Ces permis ne devraient pas être soumis au même type de procédure que celle qui concerne des travaux de plus grande envergure et qui ont une influence sur le paysage urbain.

La chambre bruxelloise de l’Ordre des Architectes propose donc quune distinction soit faite entre les permis relatifs à des projets importants et les permis relatifs à de petits projets (sans influence urbanistique) lesquels seraient soumis à une procédure plus légère et moins onéreuse.

Le Cobat doit tenir compte de la réalité du terrain !

E. Le certificat d’urbanisme : l’oublié de la réforme.

La réforme du COBAT a oublié la procédure de certificat d’urbanisme qui avec le temps est tombée en désuétude, car devenue aussi lourde qu’une demande de permis d’urbanisme, procédure qui peut cependant s’avérer très opportune si elle est bien modalisée.

A l’origine, le certificat d’urbanisme devait offrir au demandeur une procédure allégée pour connaître préalablement et dans les grandes lignes le cadre dans lequel sa construction pourra s’inscrire.

La chambre bruxelloise de l’Ordre des Architectes propose de modifier la procédure liée au certificat d’urbanisme en la calquant sur celle du permis de lotir (en termes de contenu) et donc en conférant à son titulaire la garantie d’obtenir les permis d’urbanisme si le projet est conforme à ce qui a été stipulé dans le certificat d’urbanisme.

F. Renforcer le rôle d’informateur de l’architecte

Un des objectifs de la réforme du COBAT vise à permettre l’introduction des demandes de permis d’urbanisme par internet. La chambre bruxelloise de l’Ordre des Architectes salue évidemment cette modernisation des procédures qui garantira une plus grande transparence et une simplification des démarches.

Mais il conviendrait que les architectes puissent disposer d’un accès direct dans la base de données informatique (NOVACOM) en visualisant l’ensemble de leurs dossiers. L’architecte pourra ainsi informer en temps réel son client de l’avancement de son dossier.

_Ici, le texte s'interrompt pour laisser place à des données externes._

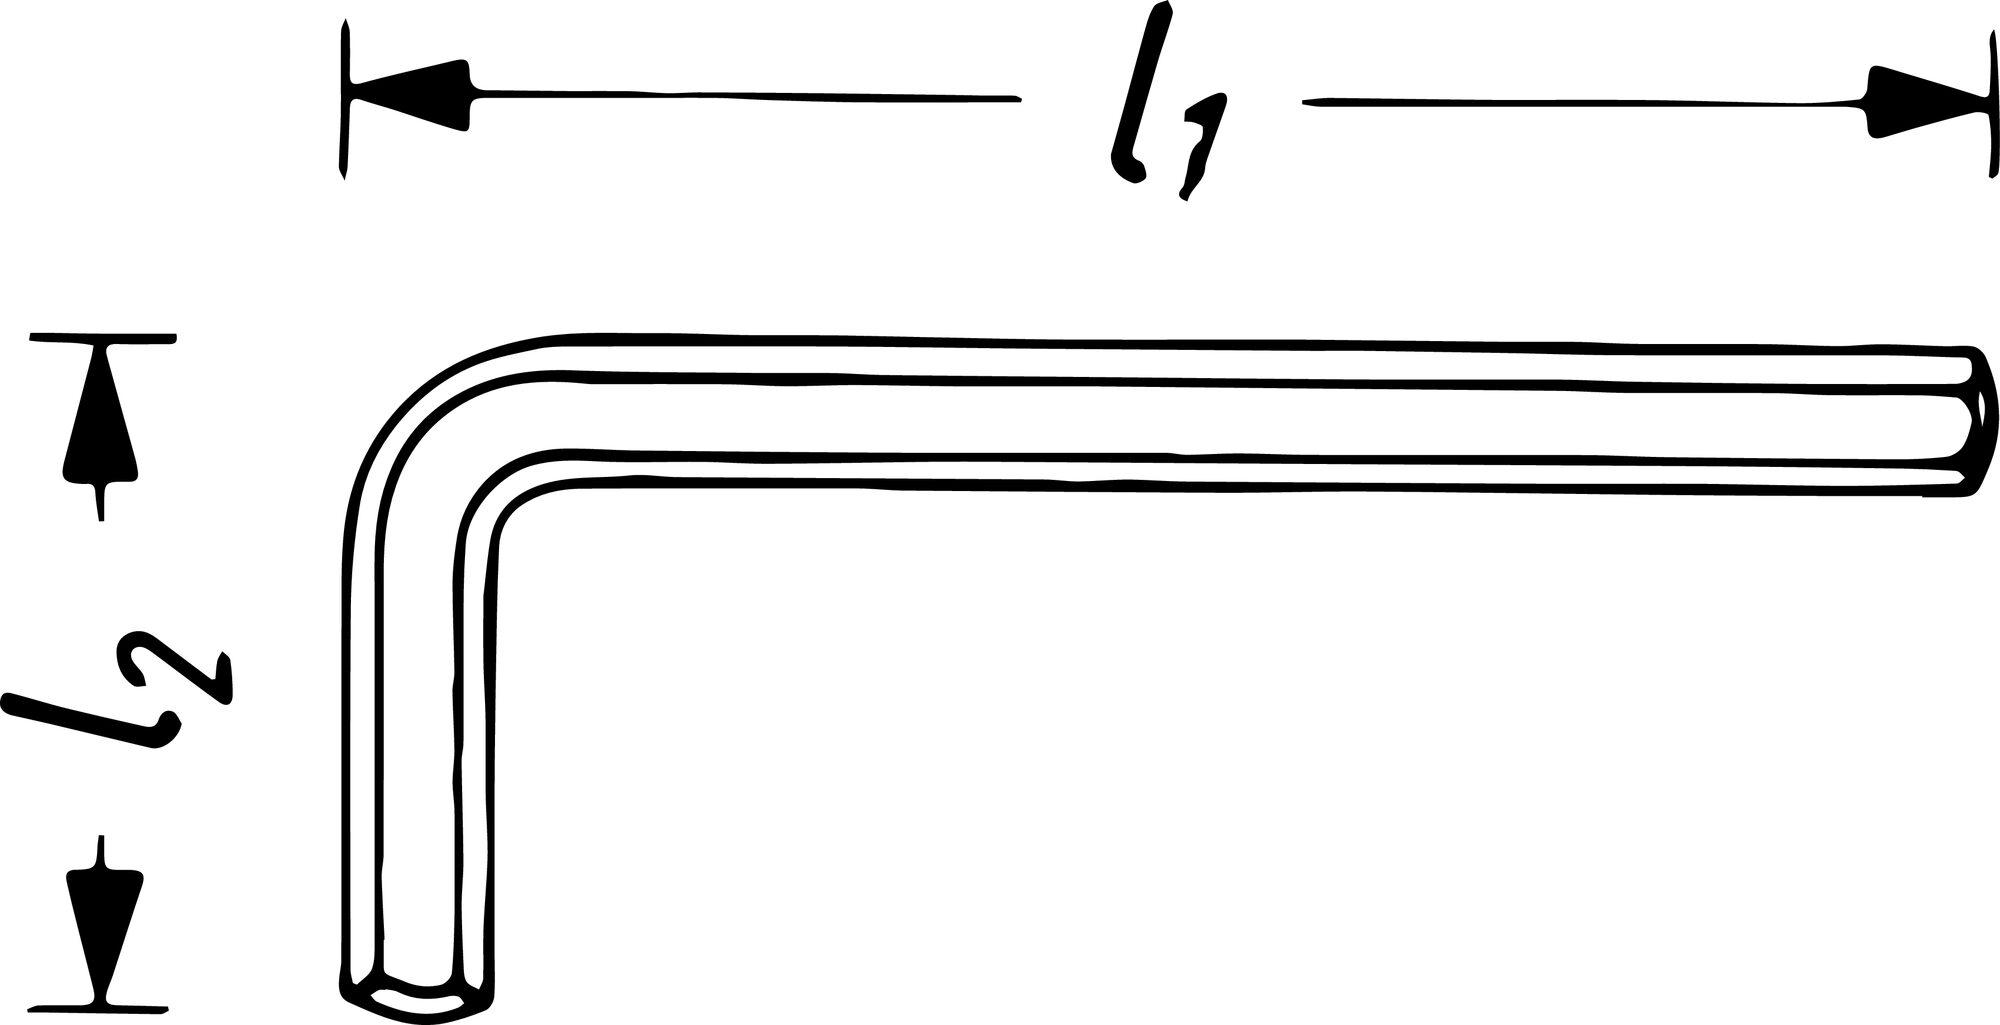 HAZET Winkelschraubendreher 2100A-1/4 ∙ Innen-Sechskant Profil ∙ 1⁄4 ″

C’est un gain de temps et de crédibilité pour l’architecte, mais aussi un allègement de travail pour les services d’urbanisme.

G. Une amnistie pour les infractions urbanistiques historiques

Aujourd’hui, il arrive que des administrations considèrent des infractions urbanistiques sur des situations antérieures à la mise en place des règles liées à ces situations.

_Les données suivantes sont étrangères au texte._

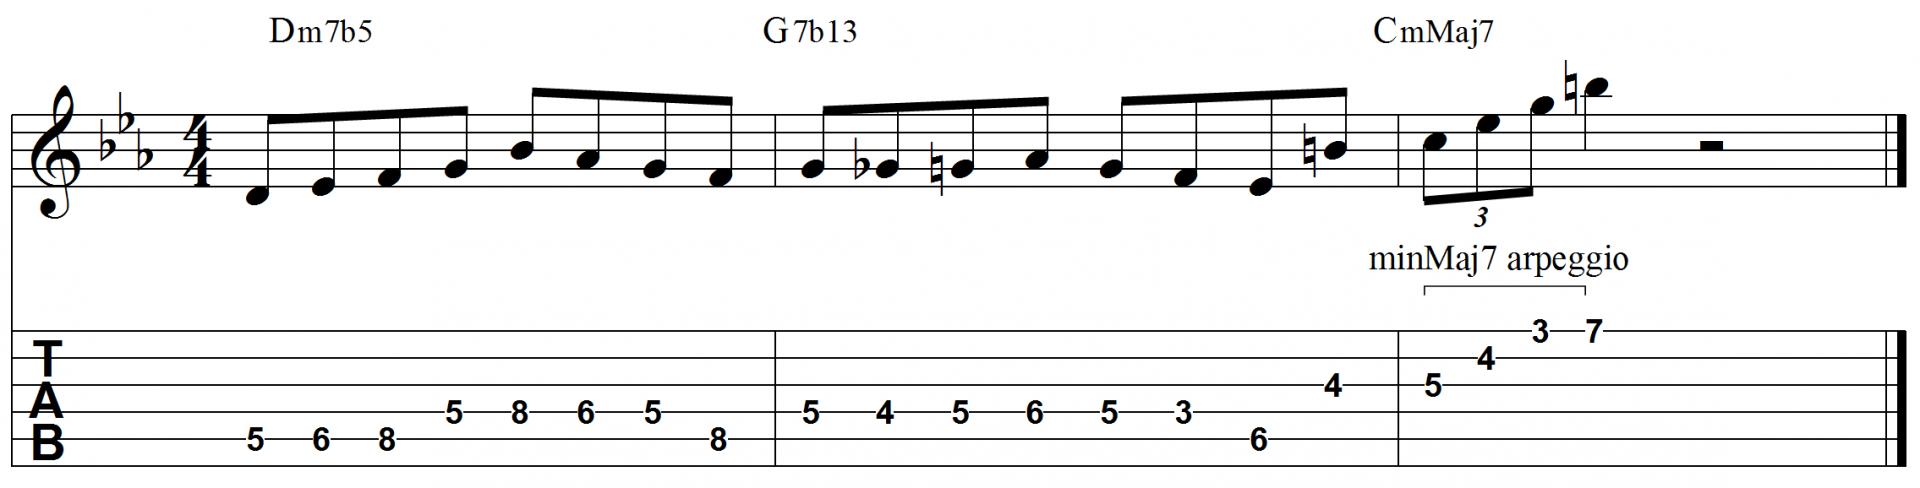 Minor major 7 jazz guitar lick

Concrètement, elles demandent de régulariser des situations de droit sous prétexte qu’elles ne sont pas connues de leurs archives, empêtrant le pauvre demandeur dans la fourniture de preuves farfelues et souvent impossible à donner.

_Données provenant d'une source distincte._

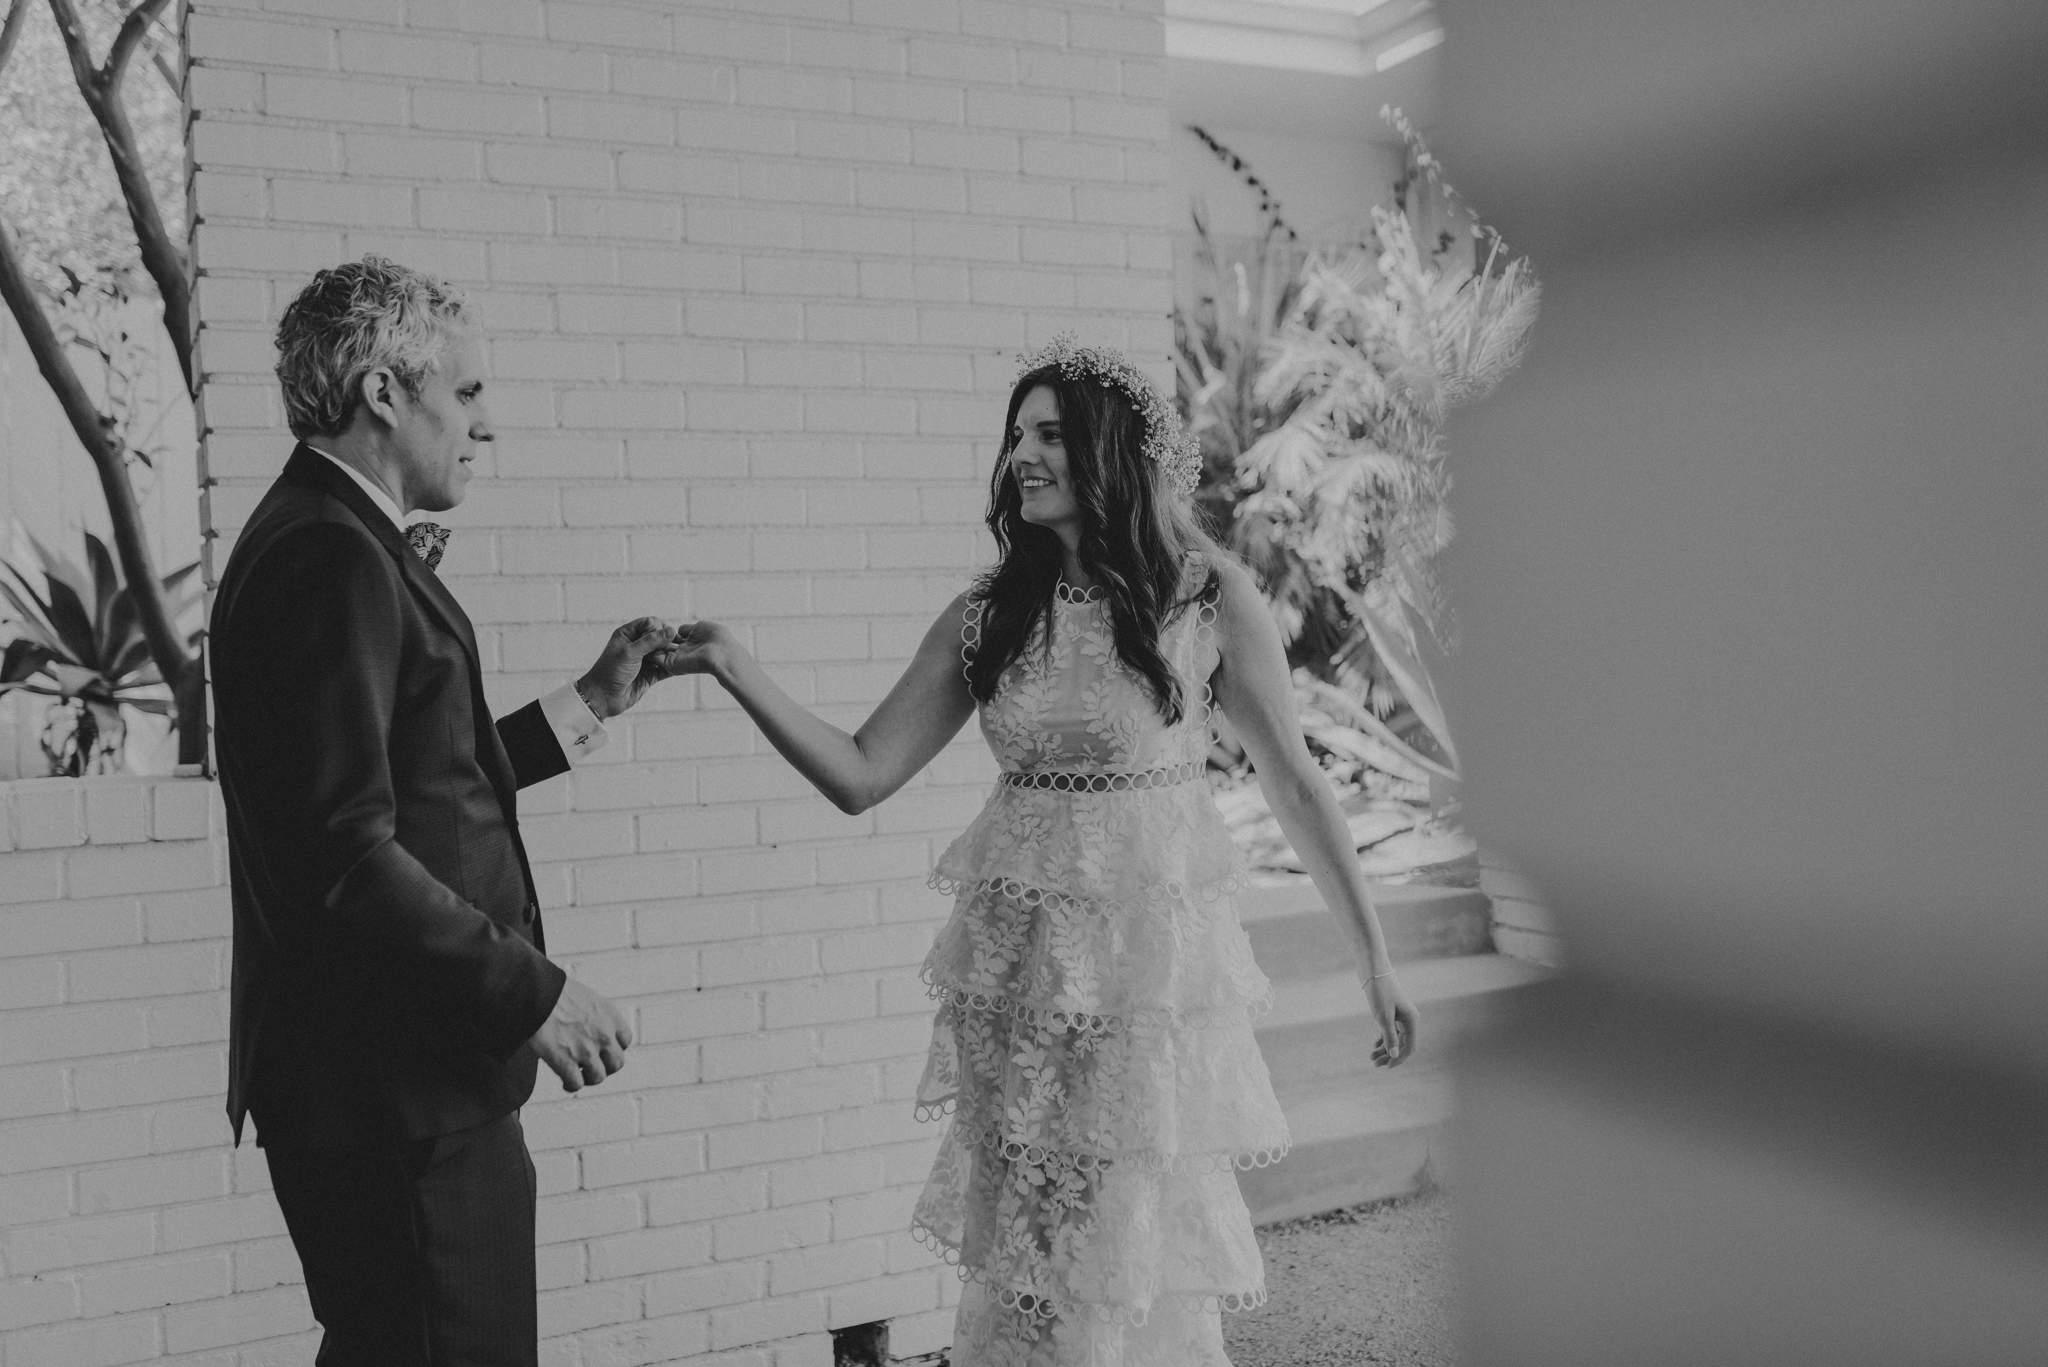 Isaiah + Taylor Photography - Private Estate Backyard Wedding - Beverly Hills - Los Angeles Wedding Photographer - 35.jpg

Le projet de réforme du COBAT semble vouloir clarifier cette situation et prend comme repère l’année 2000. La Chambre de l’Ordre des Architectes estime qu’il vaudrait mieux prendre un délai (par exemple) de 15 ans au lieu d’une année de référence qui inévitablement reposera les problèmes de preuve auxquels sont aujourd’hui confrontés les demandeurs de permis.

  1. CONCLUSIONS

La chambre bruxelloise de l’Ordre des Architectes a communiqué au Ministre-Président RUDI VERVOORT une note précise et motivée reprenant les propositions formulées dans le présent document mais également d’autres propositions (permis modificatif, durée de l’enquête publique, mise en place d’un comité de monitoring communication aux architectes d’une copie des décisions rendues,…..) .

Les réflexions et suggestion de la chambre bruxelloise s’appuient notamment sur les résultats de 3 mini-sondages lancés fin de l’année 2015 : ces résultats – parfois très tranchés – témoignent notamment d’une part des immenses difficultés quotidiennes auxquelles sont confrontés les architectes dans l’exercice de leur profession et d’autre part du désarroi de nombreux maîtres d’ouvrage.

Quoi qu’il en soit, la chambre bruxelloise de l’Ordre des Architectes insiste sur le fait que la réforme du COBAT ne peut réussir que si les services d’urbanisme disposent des moyens humains nécessaires à leur mission et se concentrent sur leur vrai mission : le rôle des services de l’urbanisme est d’appliquer les règles et non de jouer les censeurs du beau !

On relève encore trop souvent des situations de dénis d’administration ou d’abus d’administration : et là ce ne sont pas les règles qui sont en cause mais bien la manière de les appliquer.